# Need resources: atheist forums/websites



## matthew11v25 (Apr 11, 2006)

I have not seen Paul Manata around lately, but I was wondering if anyone here knew of the "best" (i.e. "most scholarly") debate forums between theist and atheists. Also, I would like to know the "best" atheist websites (where they go for ammo).
I am interested in reading treads and arguments. Learning and challenging myself...I have read apologetic books, but I would like to see arguments, etc...applied.

links/web adresses for forums and website would be appreciated.

thanks,
matt


----------



## panta dokimazete (Apr 11, 2006)

hoo-boy - assume you are familiar with the Internet Infidels?

http://www.iidb.org/vbb/index.php

Tell 'em jdlongmire sent ya'... 

This place will challenge you - if you can get around the effluvia...

-JD

[Edited on 4-11-2006 by jdlongmire]


----------



## matthew11v25 (Apr 11, 2006)

> _Originally posted by jdlongmire_
> hoo-boy - assume you are familiar with the Internet Infidels?
> 
> http://www.iidb.org/vbb/index.php
> ...



I have not heard of it...thanks.

matt


----------



## panta dokimazete (Apr 12, 2006)

Also - try www.carm.org - they have an atheist area - so does theology web


----------



## Scott (Apr 12, 2006)

Matthew: When debating with atheists on the internet, just prepare yourself.

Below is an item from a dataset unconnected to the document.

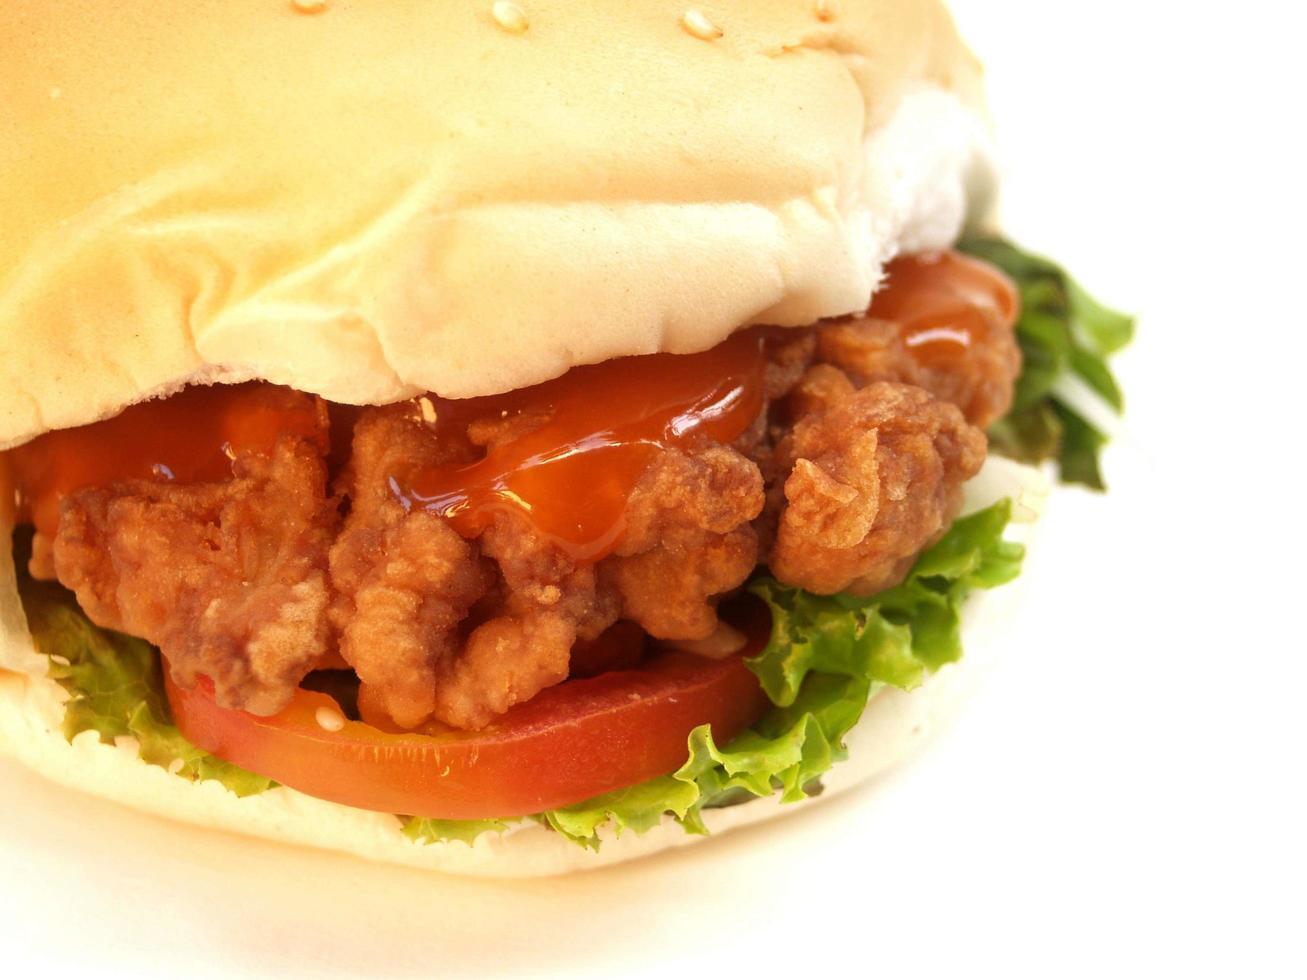 närbild av en stekt kycklingburger foto

You will essentially be debating with hecklers. They may make some interesting arguments, but it is not about the truth.


----------



## matthew11v25 (Apr 12, 2006)

> _Originally posted by Scott_
> Matthew: When debating with atheists on the internet, just prepare yourself. You will essentially be debating with hecklers. They may make some interesting arguments, but it is not about the truth.



not quite sure what you mean...could you explain or give an example? thanks.


----------



## Scott (Apr 12, 2006)

Let me analogize to a lawyer cross-examining a hostile witness in trial. A hostile witness will virtually never admit he is wrong. The best the opposing lawyer can do is to ask questions that make it clear to others (the jury) that the witness is wrong, inconsistent, or otherwise not credible. Real life litigation does not have Perry Mason moments (the witness breaking down and admitting he is wrong). 

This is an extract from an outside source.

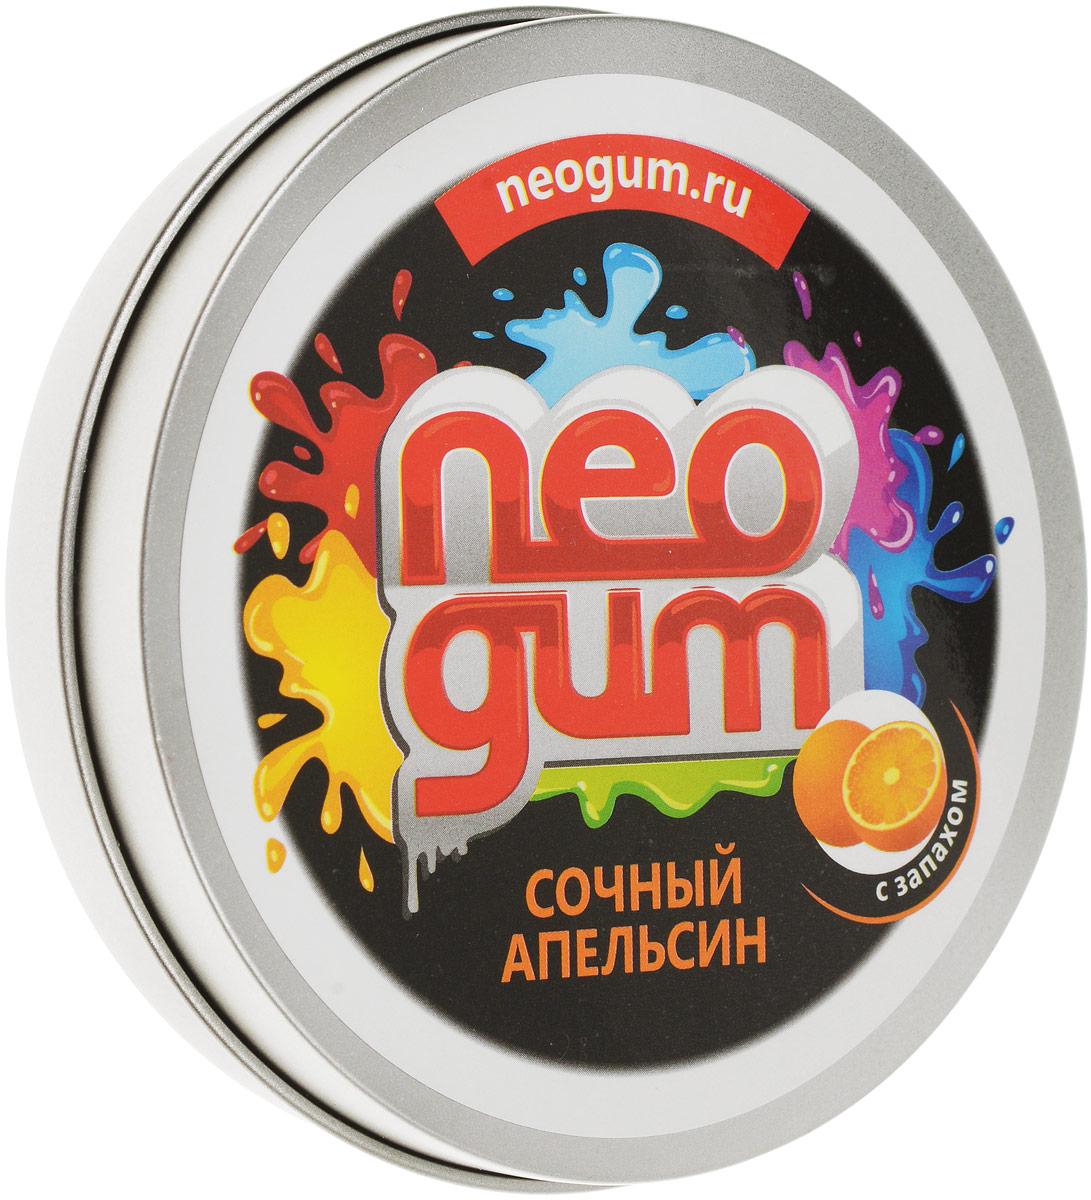 Neogum Жвачка для рук Сочный апельсин жвачка ригли сперминт

You will find these guys to be hostile witnesses. Unfortunately there is no judge to reign them in or jury to authoritatively judge their words (their friends will think they have amazing wisdom and their opponents will think they are silly).

That is not to say you should not do it. It is better to understand that going in, else you can expect frustration.


----------



## panta dokimazete (Apr 12, 2006)

VERY apt analogy - remember - in many instances - it is like trying to convince a blind from birth person that there is color when he is firmly convinced you are delusional.

All the evidence from HIS and others like his perspective convinces him/them they are right.

Unless the Lord takes away the scales - they will always be blind.

-JD


----------



## Vytautas (Apr 14, 2006)

Here is a site that has atheist message boards: 

unchainedradio.com


----------